In this chapter, in order to further improve the BER performance for satellite 
transmission services, layered algorithm is applied to the proposed algorithm in 
Chapter 4 and the data conflict problem is completely solved through a selective 
recalculation method. After applying selective recalculation to layered algorithm, it 
can achieve conflict free performance. The simulation results of applying selective 
recalculation method to the proposed algorithm in Chapter 4 using layered schedule 
also demonstrate that the proposed method can achieve a further BER performance 
improvement, which can achieve 0.2dB gain under the same BER performance than 
MS-based algorithms. 
 
 
 93 
 
 
6 Conclusion 
 
6.1 Summary of results 
 
In order to solve the low throughput problem for partially-parallel LDPC 
decoder for IEEE 802.11n application, two methods are proposed: 
The first schedule is named Delta-Value based Message Passing (DVMP) 
schedule (proposed in Chapter 2). In this design, row operation is speeded up by a 
modified binary searching scheme and column operation is speeded up by DVMP 
schedule, in which the redundant computations are removed through using the 
difference between the updated value and the original value. Moreover a pipeline 
structure is utilized to further compact the procedure. The synthesis result 
demonstrates that our decoder can achieve a much higher throughput and almost the 
same bit error rate performance compared to other partially-parallel irregular LDPC 
decoders.  
The other schedule is proposed based on the DVMP schedule proposed in 
Chapter 2, whose name is Sum-Delta Message Passing (SDMP) schedule (proposed 
in Chapter 3). In this design, the decoding throughput is greatly improved by utilizing 
the difference value between the updated and the original value to remove redundant 
computation. Registers ad memory are optimized to store only the frequently used 
messages to decrease the hardware cost. The synthesis result shows that our decoder 
can achieve much higher throughput and almost the same bit error rate performance 
with less area cost to other partially-parallel irregular LDPC decoders. The backend 
design of this decoder is implemented by Synopsys Astro with ARM’s Artisan 
SAGE-X 0.18μm 1P6M stand-cell library for TSMC and the layout area is 13.69mm2. 
 94 
 
In order to achieve high BER performance for ISDB-S2 application, two 
techniques are also proposed to improve the BER performance: 
The first technique is introduced in Chapter 4. In order to achieve high BER 
performance for satellite transmission services, a novel self-adjustable offset min-sum 
algorithm is proposed with the check node operation approximating BP algorithm. 

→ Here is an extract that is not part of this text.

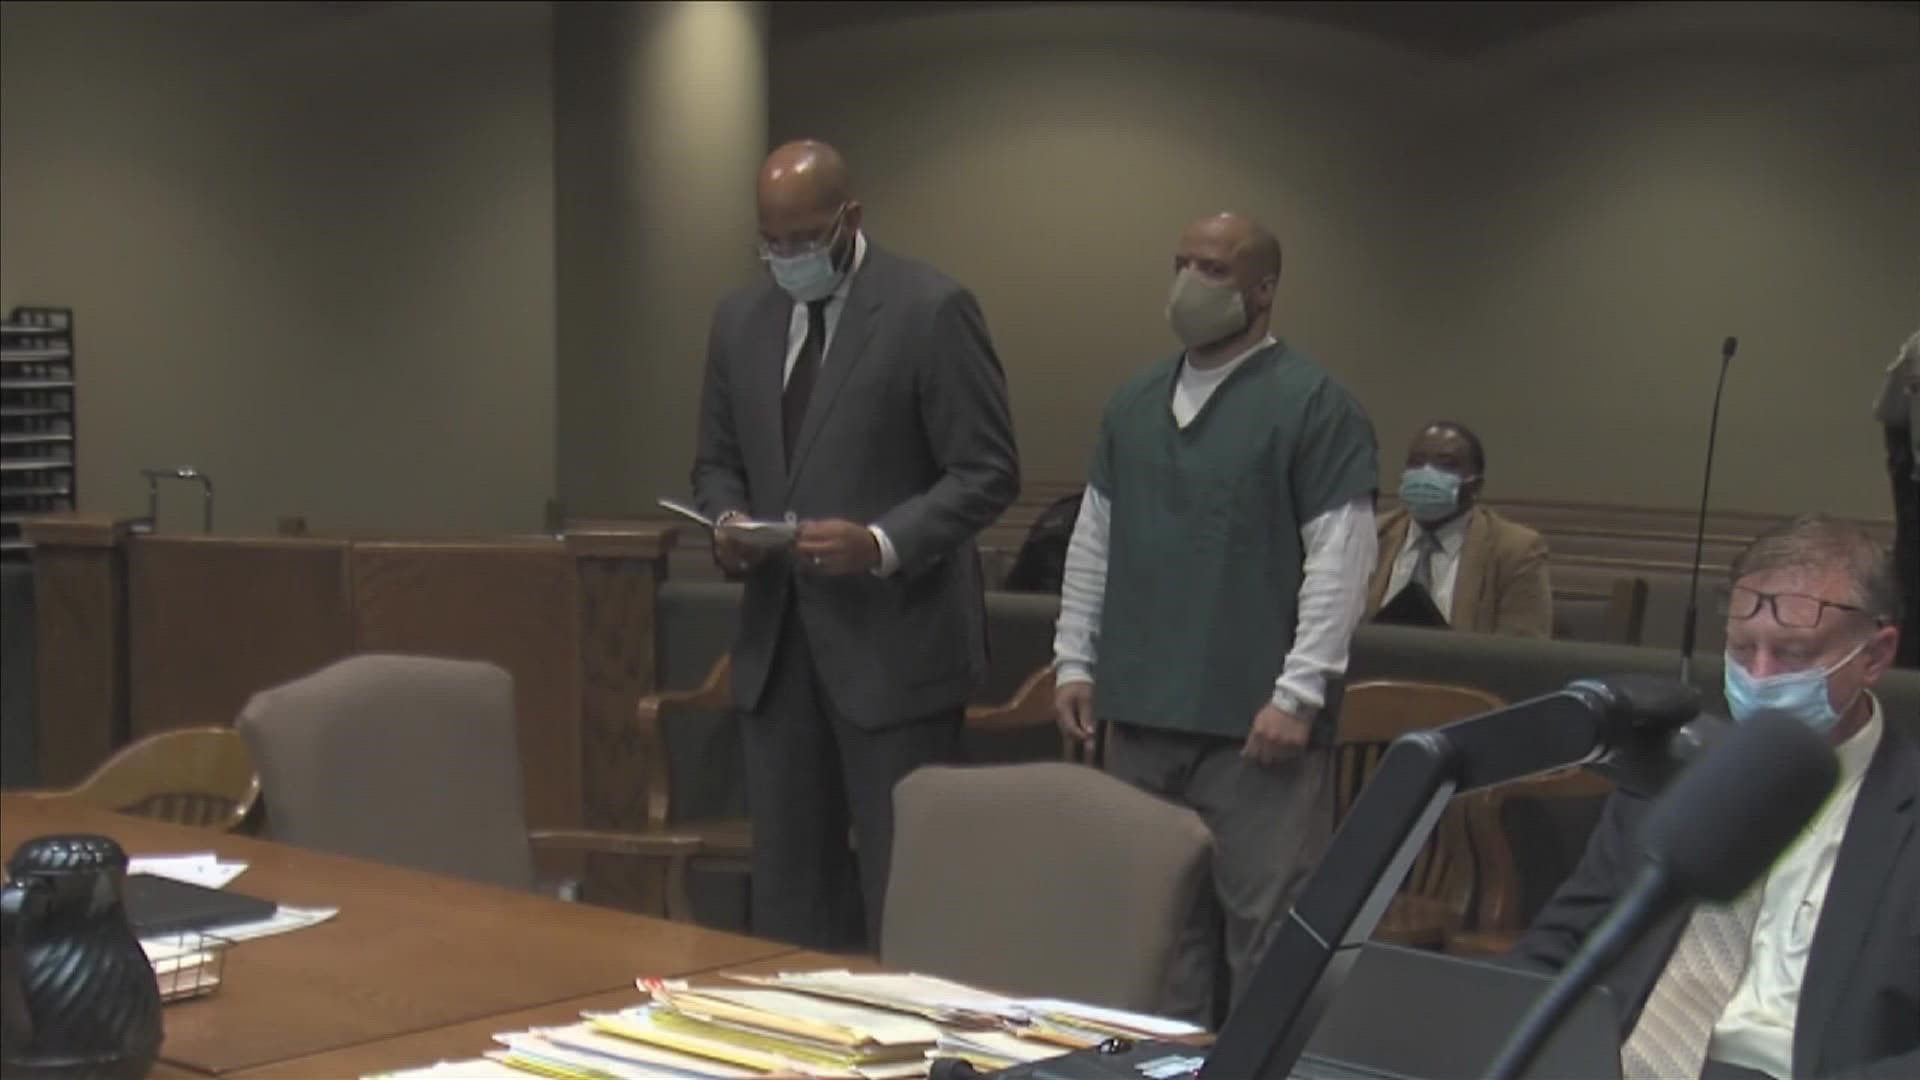 12 years after former Memphis Grizzlies player Lorenzen Wright was murdered, his accused killer is set to stand trial. 8 women and 7 men were selected as jurors.

The correctness of the approximation is proved by mathematical induction through 
using Jacobian logarithm iteratively. The proposed algorithm is hardware-friendly 
compared to the BP-based algorithms and the simulation results show that the 
proposed algorithm can achieve an average of 0.12dB gain compared to Min-sum 
-based algorithms. 
The other technique is introduced in Chapter 5 to further apply layered schedule 
to ISDB-S2 codes. In order to achieve high BER performance for satellite 
transmission services, layered algorithm is applied to the proposed algorithm in 
Chapter 4 to ISDB-S2 LDPC decoder and the data conflict problem is completely 
solved through a selective recalculation method. After applying selective recalculation 
to the proposed algorithm in Chapter 4 using layered schedule, it can achieve 0.2dB 
gain under the same BER performance compared to Min-sum -based algorithms.  
 
6.2 Future work 
As long LDPC code is adopted in satellite transmission to ensure the transmission 
quality, the hardware design for long code becomes a challenge because the hardware 
cost is large [35][37][41][42][43]. A hardware architecture which is suitable for the 
implementation of long code and multi-rate code is a main future work for us.  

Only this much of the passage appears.